In the second slot (i.e., Slot 2), the second CSI-RS may be stored as the second channel matrix h1, instead of the first channel matrix h0, in the single buffer memory 710, and the single buffer memory 710 may transmit the second channel matrix h1 to the filtering circuit 720 before the third slot (i.e., Slot 4). Between the second slot (i.e., Slot 2) and the third slot (i.e., Slot 4), the filtering circuit 720 may generate a second filtering value by multiplying the second channel matrix h1 by a second weight vector, the adder circuit 740 may receive the first filtering value from the prediction buffer 730 and may generate a first summed value by adding the first filtering value to the second filtering value, and the prediction buffer 730 may store the first summed value.

In the third slot (i.e., Slot 4), the third CSI-RS may be stored as the third channel matrix h2, instead of the second channel matrix h1, in the single buffer memory 710, and the single buffer memory 710 may transmit the third channel matrix h2 to the filtering circuit 720 before the fourth slot (i.e., Slot 6). Between the third slot (i.e., Slot 4) and the fourth slot (i.e., Slot 6), the filtering circuit 720 may generate a third filtering value by multiplying the third channel matrix h2 by a third weight vector, the adder circuit 740 may receive the first summed value from the prediction buffer 730 and may generate a second summed value by adding the first summed value to the third filtering value, and the prediction buffer 730 may store the second summed value.

In the fourth slot (i.e., Slot 6), the fourth CSI-RS may be stored as the fourth channel matrix h3, instead of the third channel matrix h2, in the single buffer memory 710, and the single buffer memory 710 may transmit the fourth channel matrix h3 to the filtering circuit 720. After the fourth slot (i.e., Slot 6), the filtering circuit 720 may generate a fourth filtering value by multiplying the fourth channel matrix h3 by a fourth weight vector, the adder circuit 740 may receive the second summed value from the prediction buffer 730 and may generate a third summed value by adding the second summed value to the fourth filtering value, and the prediction buffer 730 may store the third summed value.

The prediction buffer 730 may generate the third summed value as the predicted CSI. The predicted CSI, which may be feedback information for a particular slot (i.e., Slot n), may be stored in the prediction buffer 730 and then reported to a base station (for example, the base station 11 of FIG. 1).
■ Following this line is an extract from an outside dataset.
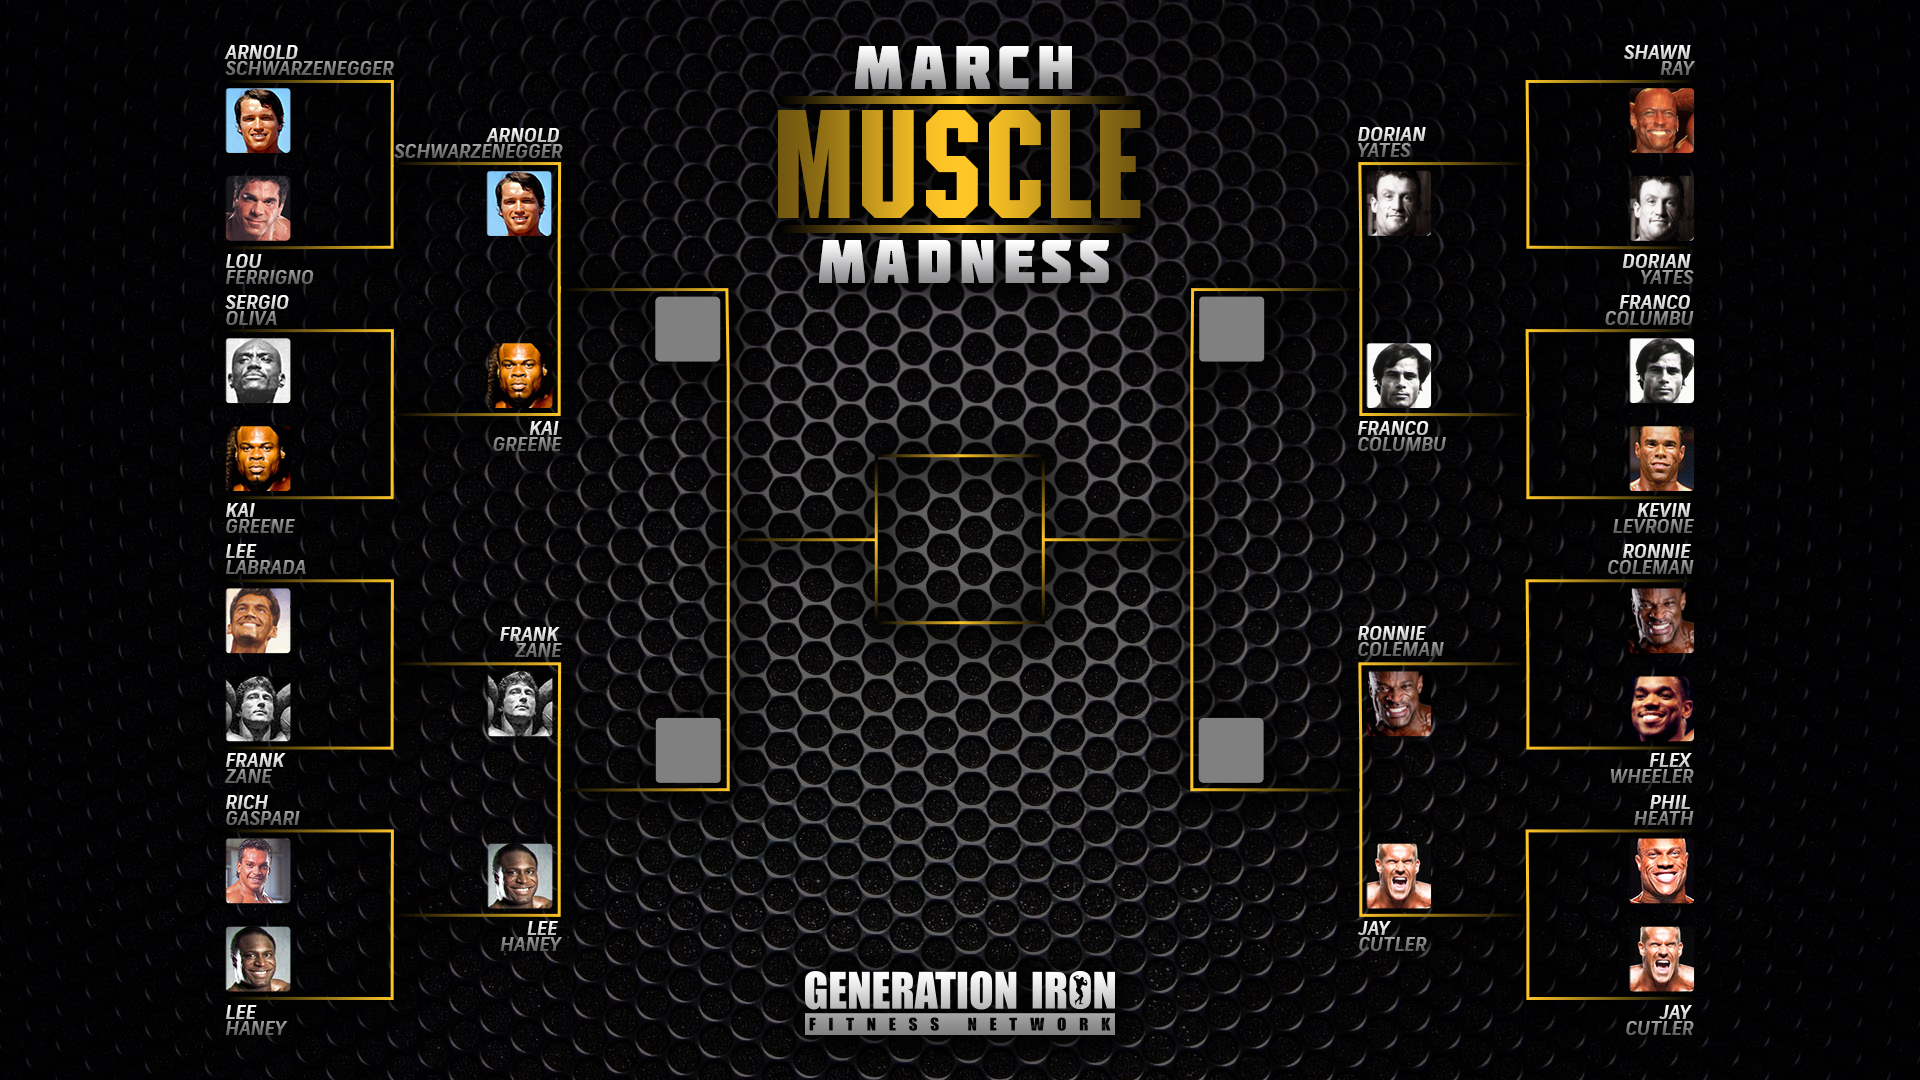 Generation Iron March Muscle Madness Tournament Quarter finals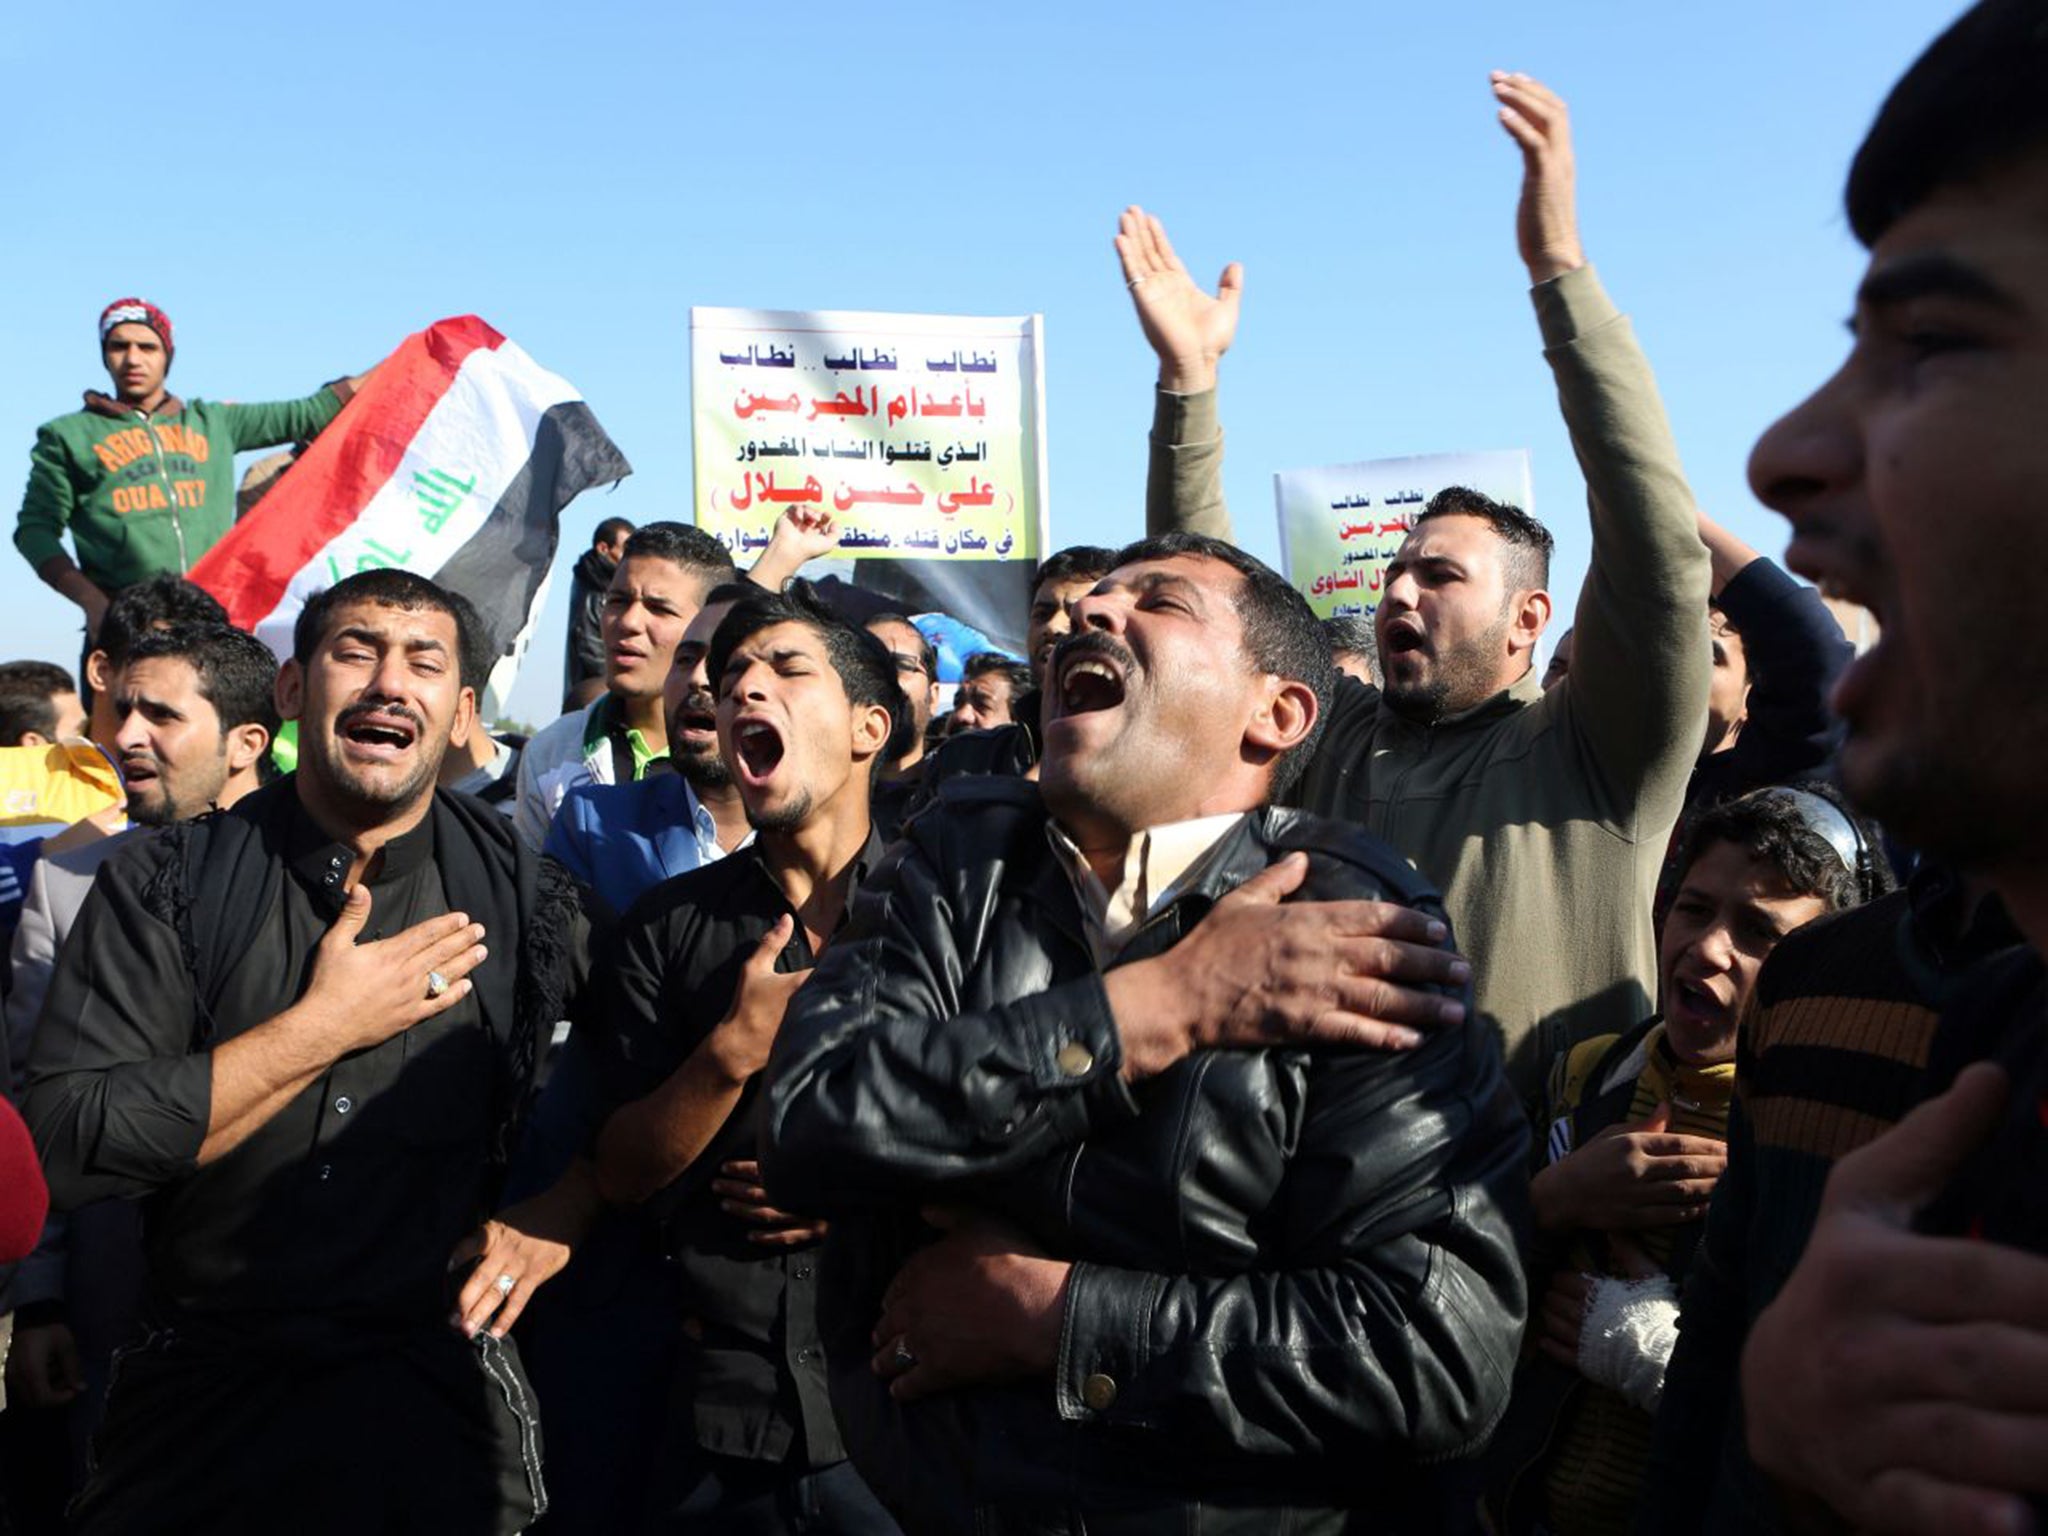 Victims of crime vent their anger at a rally in Basra

Although not shown in FIG. 7, the user equipment 700 may further include a controller, and the controller may determine whether a summed value generated by the adder circuit 740 is generated based on the last reference signal and, when the summed value is generated based on the last reference signal, may control the user equipment 700 to report the summed value, which is stored in the prediction buffer 730, as the predicted CSI to the base station (for example, the base station 11 of FIG. 1).

Unlike the user equipment 600, because the user equipment 700 according to the embodiments may generate the predicted CSI by using only the single buffer memory 710, the user equipment 700 may reduce a storage space for storing a plurality of reference signals. For example, when N reference signals are received, the size of the single buffer memory 710 may be 1/N of the total size of the buffer memories 610.

FIG. 8 is a block diagram illustrating a user equipment 800 according to one or more embodiments. Referring to FIG. 8, the user equipment 800 may be an example of the user equipment 100 of FIG. 3 or the user equipment 700 of FIG. 3, and a single buffer memory 810, a prediction buffer 830, and an adder circuit 840 may have the same or substantially the same structure as the single buffer memory 710, the prediction buffer 730, and the adder circuit 740, respectively. Repeated descriptions given with reference to FIGS. 3 and 7 are omitted.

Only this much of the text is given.